教习嬷嬷也是历惯了的,看到不妥之处便执藤条一抽。
“左膝内收一寸。”
虽是不带内力,比不得刑堂疼痛难熬,但这般折腾,也叫人苦不堪言,不消一会儿便沁出满身冷汗,衣袍下青痕交错。
眼前不受控制地浮现尊上待他温存的样子,一声不吭任人施为。
云城很是热闹,出行的闺中小姐趁着□□将放,纷纷罗绮加身,满头珠钗,身后跟着一众丫鬟小厮,去山间踏青。途遇风流倜傥的王孙公子,说得上名号的江湖剑客,怯怯衣袖掩面,两颊绯红,竟比□□更俏丽几分。
谢孤舟寻了个僻静处落地,绕过上山的人群,向最为繁华的街市缓步行去,街市上热闹得很,小贩叫卖着新出炉的糖画,一众孩子眼巴巴瞧着。
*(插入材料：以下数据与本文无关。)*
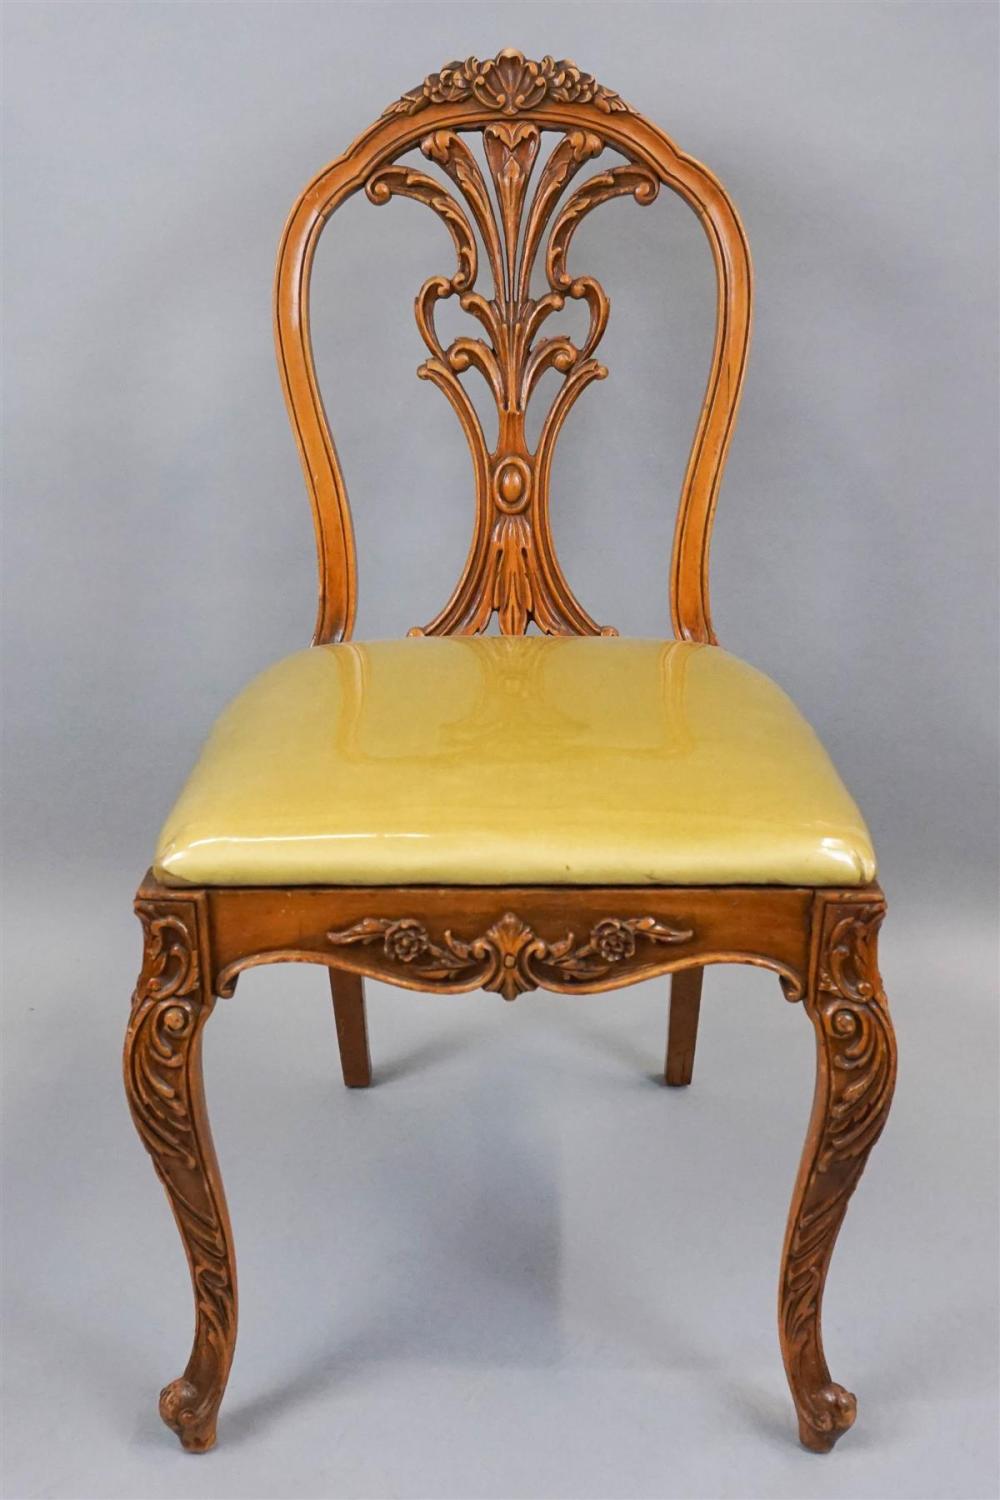 LOUIS XV STYLE CHAIR WITH LIME 33b563

醉春楼的牌匾极为显眼,风韵婉转的三个字相互勾缠,妖娆之色先令人的骨头酥了一酥。
真真是温柔乡英雄冢,未到近处,香已闻。
他缓步入楼,大约是时辰尚早,楼里只有零零星星几个挂牌的姑娘在大堂内,由婢子扶着想上楼去,身着的绸缎略微凌乱,褶皱道道,想是胡闹了一夜所致。堂里专供美人歌舞的台子空荡无人,台下的雕花桌椅上还有些没有收拾走的残茶美酒。
见到有人进来,一个老鸨模样的女子迎上前,见是这般天人,一甩薄纱一拧腰,娇声招呼,盖得厚厚的胭脂红粉簌簌落下。徐娘半老风韵犹存,倒也有几分楚楚的韵致。
那人的目光漫不经心掠过来,却叫她惊了一惊,被其中威严所慑,不敢胡来。
“醉春楼白日里不开张,不知公子晨起前来所为何事?”
“秋娘在何处?”
殿内寂静无声,唯有一人细微颤着煎熬。
不知过了多久,教习嬷嬷命他起身,说此乃日积月累,并非一蹴而就,如今好歹有些成形,诸般细节不若慢慢整改。
待殿主应允便暂且退下,背影仍是聘婷销魂。
江淮又召出几人,各执丹墨,银针,并几方锦帕,恭敬垂首见礼。
“若是入了后室,便是尊上之人了,暗卫尚有短刃为信物,罔论后室之人。即便是贴身之物也不及镂身明志,便刻了尊上姓氏罢。”
“是。”
江淮挥袖,命人去了暗七上身衣物,研墨刺字,其阵势似是要好生绘一幅丹青。
归汜顺从地裸了上身,以手支地,按规矩略微拱起身子。几人丈量一阵,终是选定了蝴蝶骨之间落笔,纹样早已呈给江淮看过,一个“谢”字勾缠出藤蔓的妖娆形状,细细一想倒是极佳,只是此人背后狰狞的伤痕过多,坏了几分意境。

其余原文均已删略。